慕長歌皺眉瞥那老媽子一眼,老媽子臉上的心虛之色更甚,不由急忙低下頭來。
而此刻的慕長歌,卻是當真用那白皙修長且從來不沾陽春水的手指撿柴堆裡那些細小的木柴,小心翼翼的往火爐裡塞着。衆老媽子更是眼抽,此番燒火煮藥的主子,怎麼看,都像是得了失心瘋。
不久,濃濃的藥香飄出,味澀略苦,慕長歌終究是滿意的知會一旁的老媽子熄火,自己則是端着火爐上的藥罐倒了一碗藥來,端着碗便雲淡風輕的踏出了後廚。
他前腳一走,中老媽子們頓時放鬆下來,想來這主子在屋子裡做着做那,而她們站於一旁觀着,當真是心生壓力。就在方纔,見自家主子將那爐火燒得竄得老高,她們真怕這主子將這後廚都燒了起來。
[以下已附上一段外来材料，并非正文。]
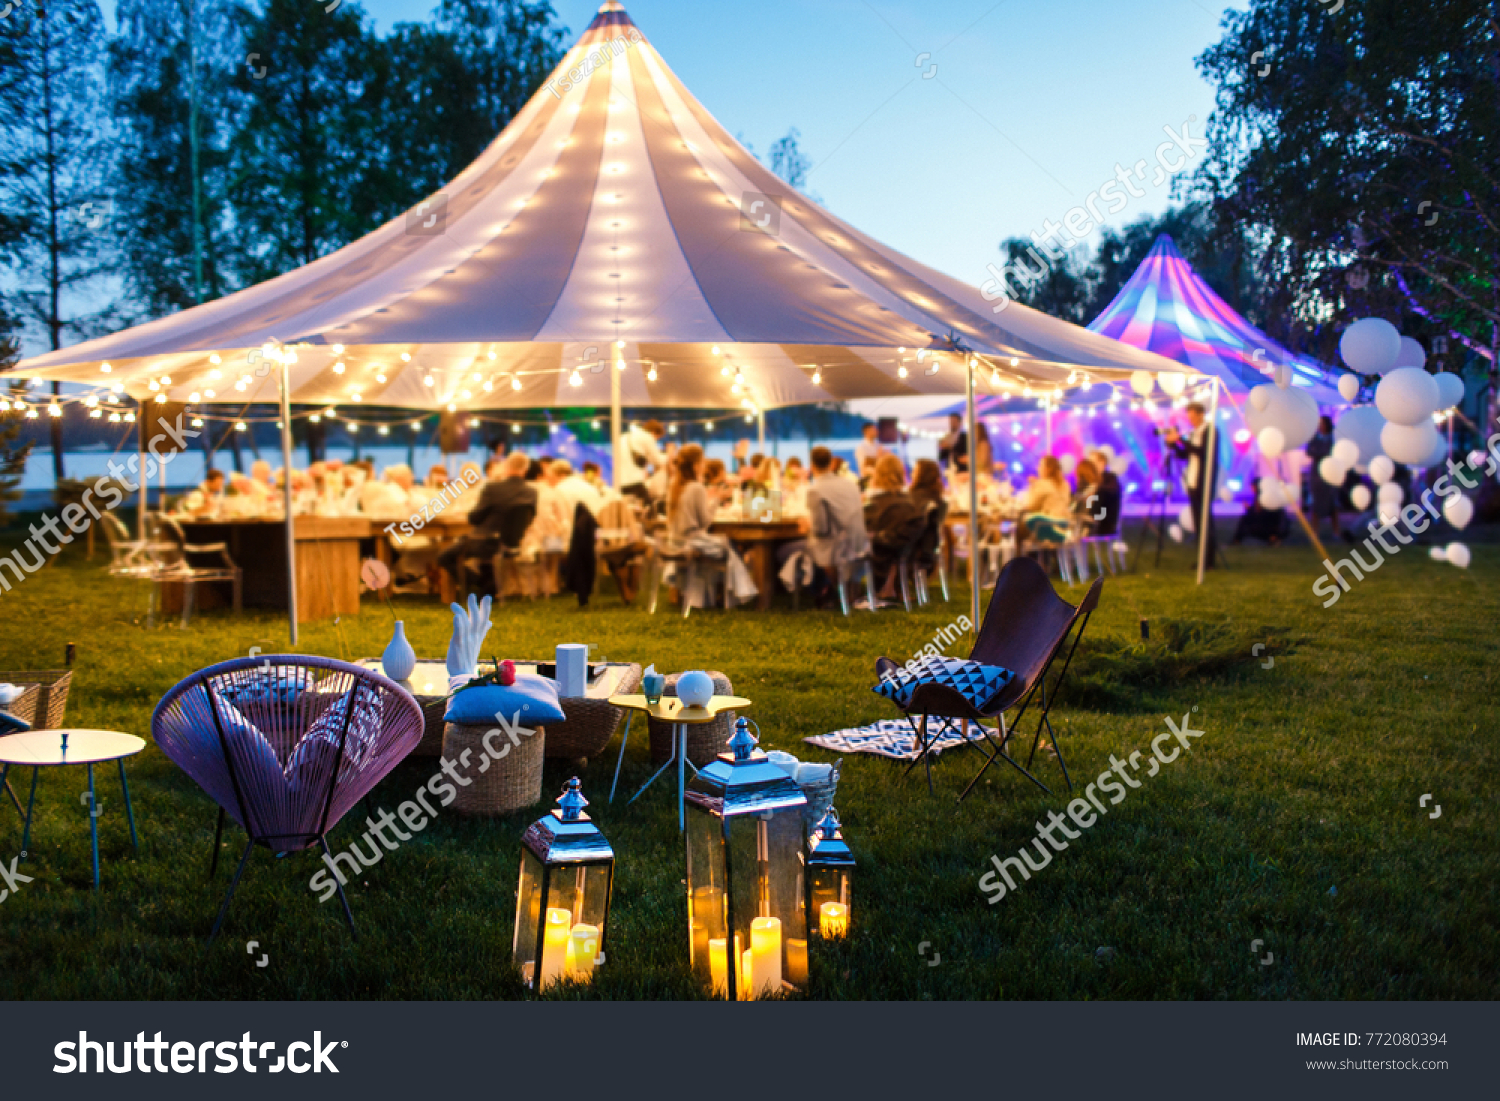 Colorful wedding tents at night. Wedding day. #772080394

而此刻的慕長歌,一襲紫衣上沾了不少柴屑,一張妖異如華的臉也布了一層黑色,惟獨他那雙修長的桃花眼,正閃着微亮的光。他是一路在別莊下人的震驚眼裡飄入雲初染所在的屋內的,而此刻的雲初染,已然醒來,並側躺在牀上,未有要動一絲一毫的意願。
隨着那道木門的一開一合,慕長歌隻身進來,修長的身影微微逆着光,讓雲初染瞧不清他的面容。但鼻子卻聞道一股苦澀藥味,她不由蹙眉。
這時,慕長歌也走了過來,並隨意掀袍坐在她的牀邊,剎那,她仰頭瞥見了他紫衣上的柴屑,還有他面上的…烏黑。
雲初染微微一怔,慕長歌卻將手中的藥碗遞近:“快嚐嚐這藥。”
嘗?雲初染大方甩他一個白眼。
這藥也是用來嘗的?尋常之人若是無病,誰願嘗藥?
見雲初染不伸手來接,慕長歌盯了一番碗中的藥汁,倒是不由猜測莫不是這雲初染嫌棄這藥汁太苦。他伸手用紫袖胡亂擦了擦額頭的薄汗,可他額頭經這麼一擦拭,倒是現出了幾分原來的白皙。
“你若怕苦,本少這就差人拿點甜品過來。”他朝雲初染笑笑,嗓音平然,說着,他便要起身,可雲初染卻眸色一動,伸手欲拉慕長歌的紫衣,卻不料這一動,倒是手臂巨疼,不由倒吸了一口涼氣。
慕長歌眸色一沉,急忙伸着一隻手將她的放入被褥,嗓音掠帶幾分不贊成:“你手臂扭傷,不易動。”
說着,他似乎突然反應過來,暗惱自己方纔竟然讓手臂受傷的她來接藥碗。
雲初染微微斂神,深黑的眸光再度落在他的面上打量一番,最後隨意的問:“這藥,是你熬的?”
慕長歌倒是騰然一笑,完全未有一絲一毫的尷尬,僅是大方承認:“這可是本少第一次熬藥。”
聞得這話,雲初染眸色微微一深,沉寂的心,似有道難以揮去的複雜。
親自熬的!慕長歌這廝尋常與她調侃慣了,即便說要送她衣物都未動真格,而此番,他如此對她,是爲何?憐憫她麼?憐憫她雲初染,也有這般狼狽之時?
正想着,卻不料慕長歌已經騰出一隻手來扶在了她的肩頭,並一把將她帶起,讓她順勢落在了他的懷裡。剎那,如此親暱的接觸倒是讓二人都是一震。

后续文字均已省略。